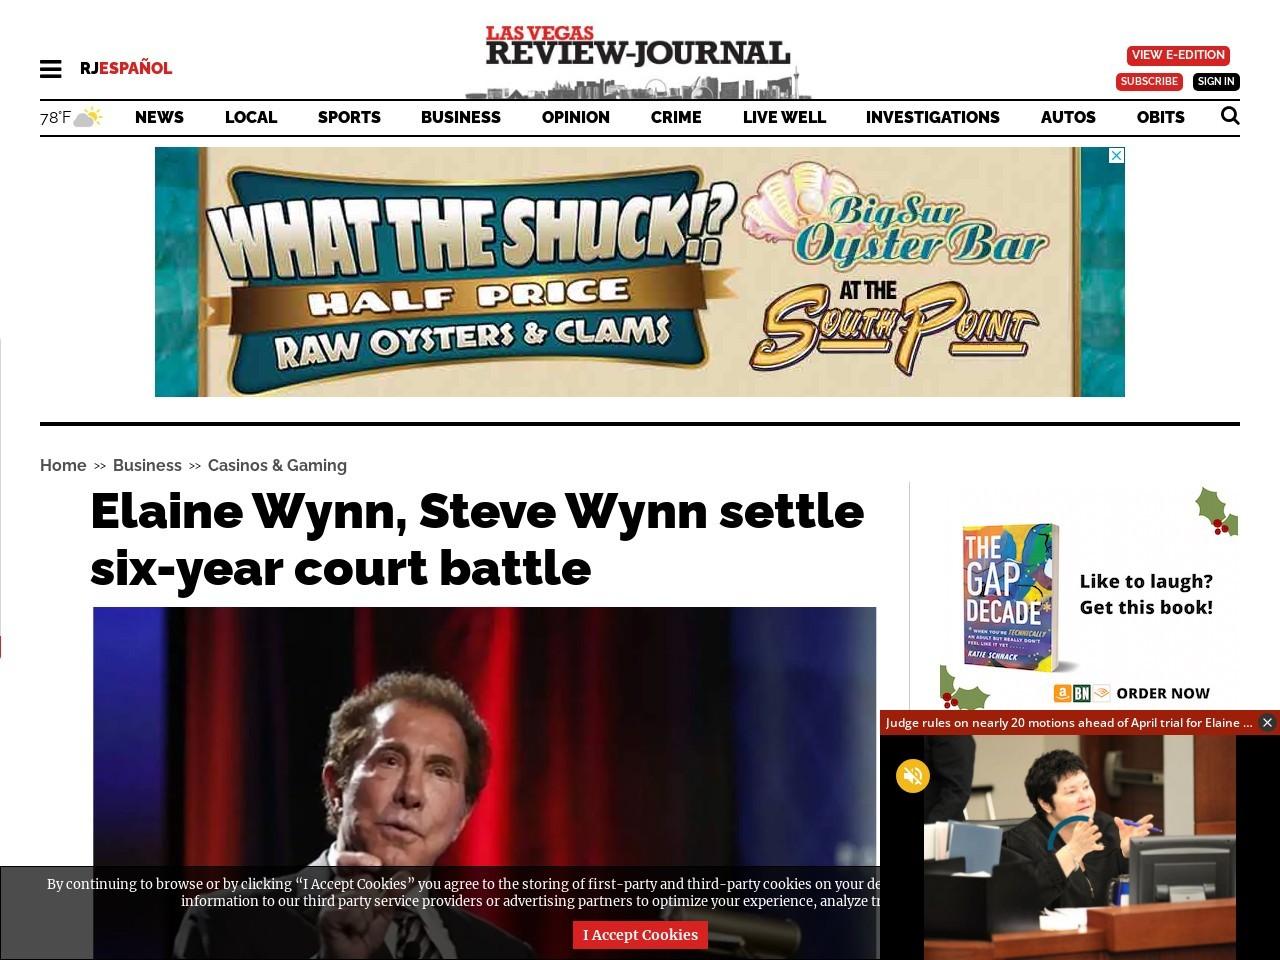 Elaine Wynn, Steve Wynn settle six-year court battle
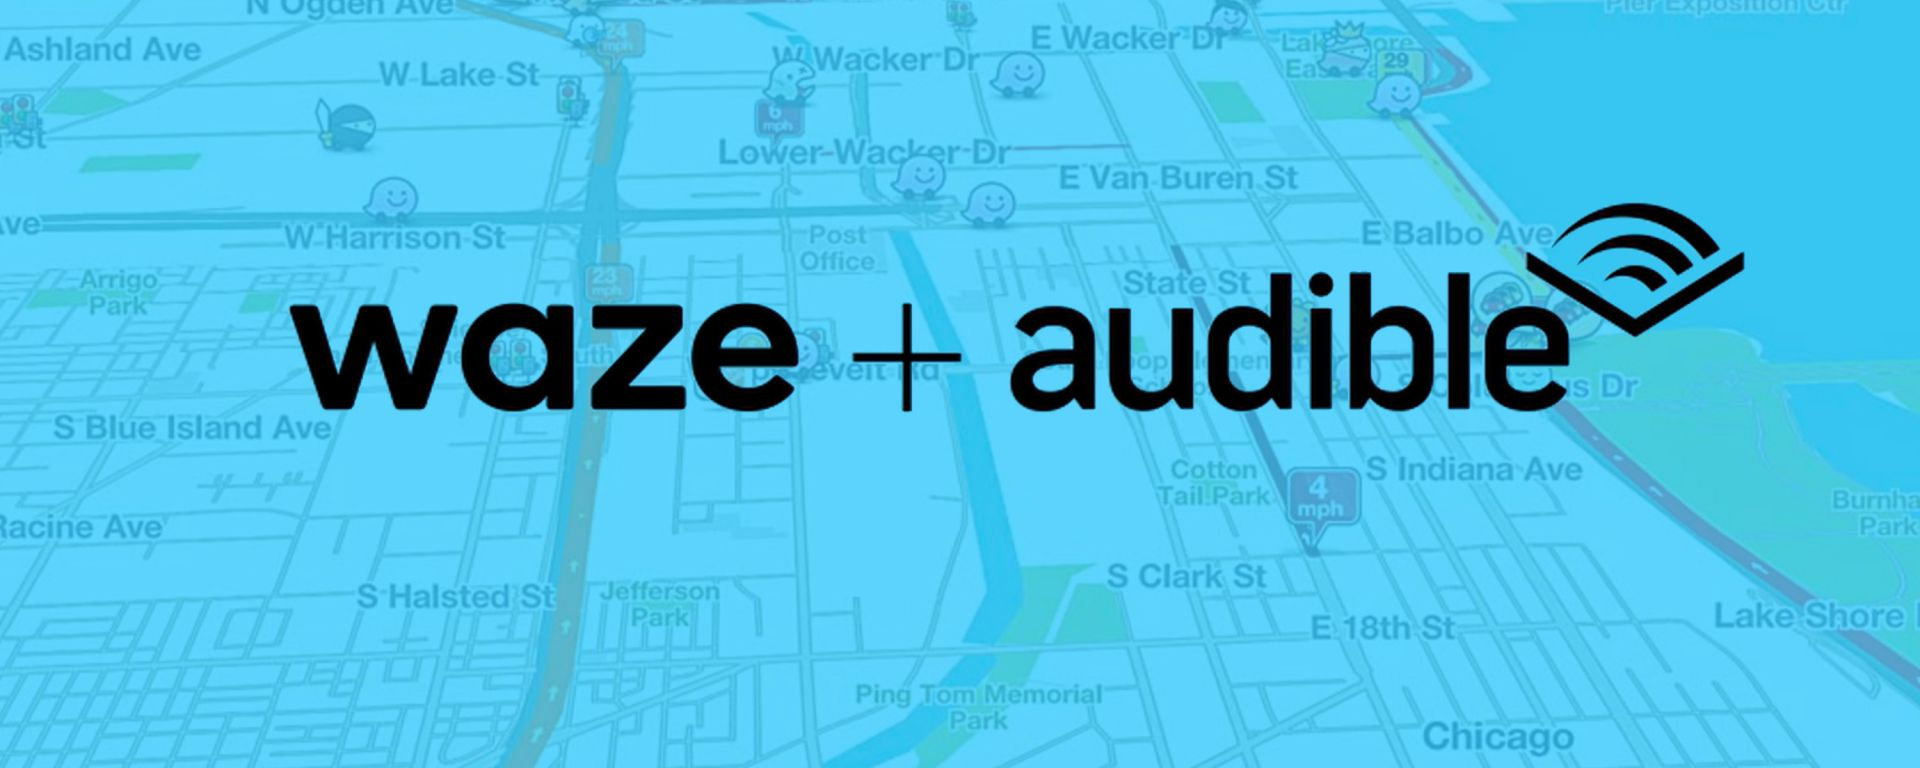 Waze + Audible: la partnership
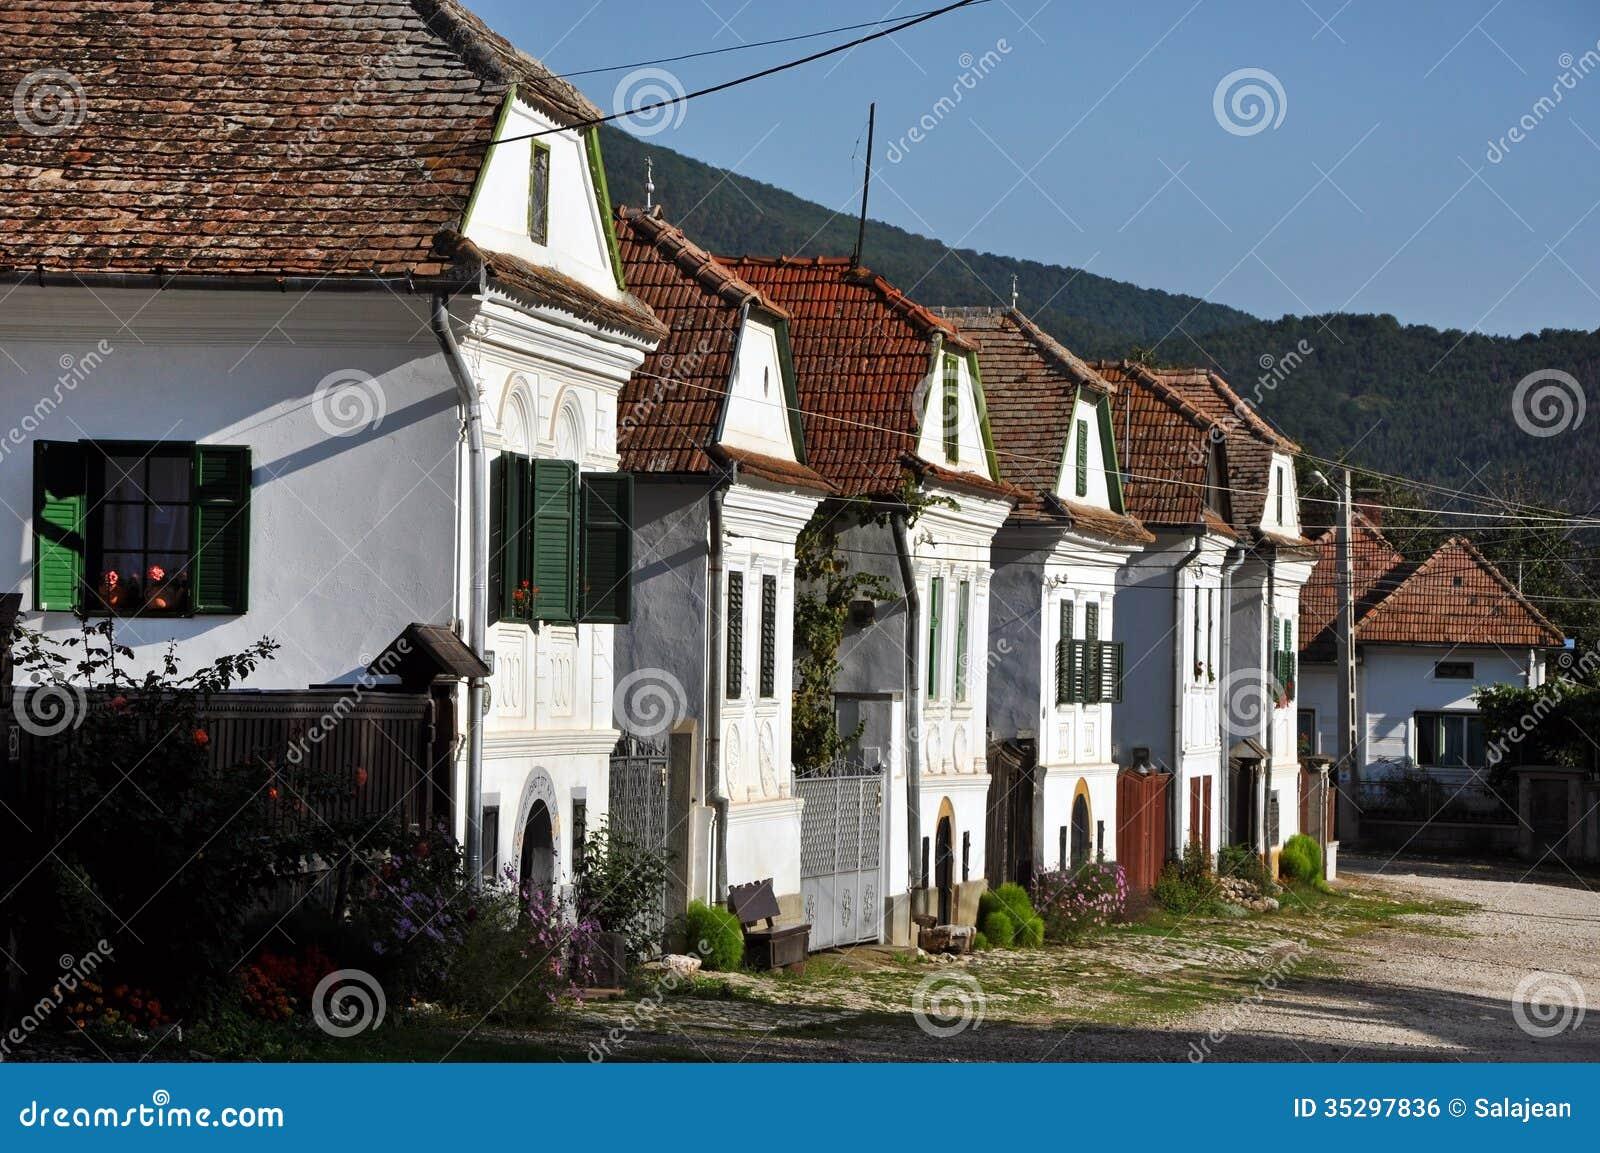 Whitewashed Houses In Torocko Rimetea Village Romania Stock Photo Image 35297836

★ ★ ★

▶ Problem statement
Output the lines above in full and exactly as given, omitting any pictures.

▶ Expected answer
 Elaine Wynn, Steve Wynn settle six-year court battle
 Waze + Audible: la partnership
 Whitewashed Houses In Torocko Rimetea Village Romania Stock Photo Image 35297836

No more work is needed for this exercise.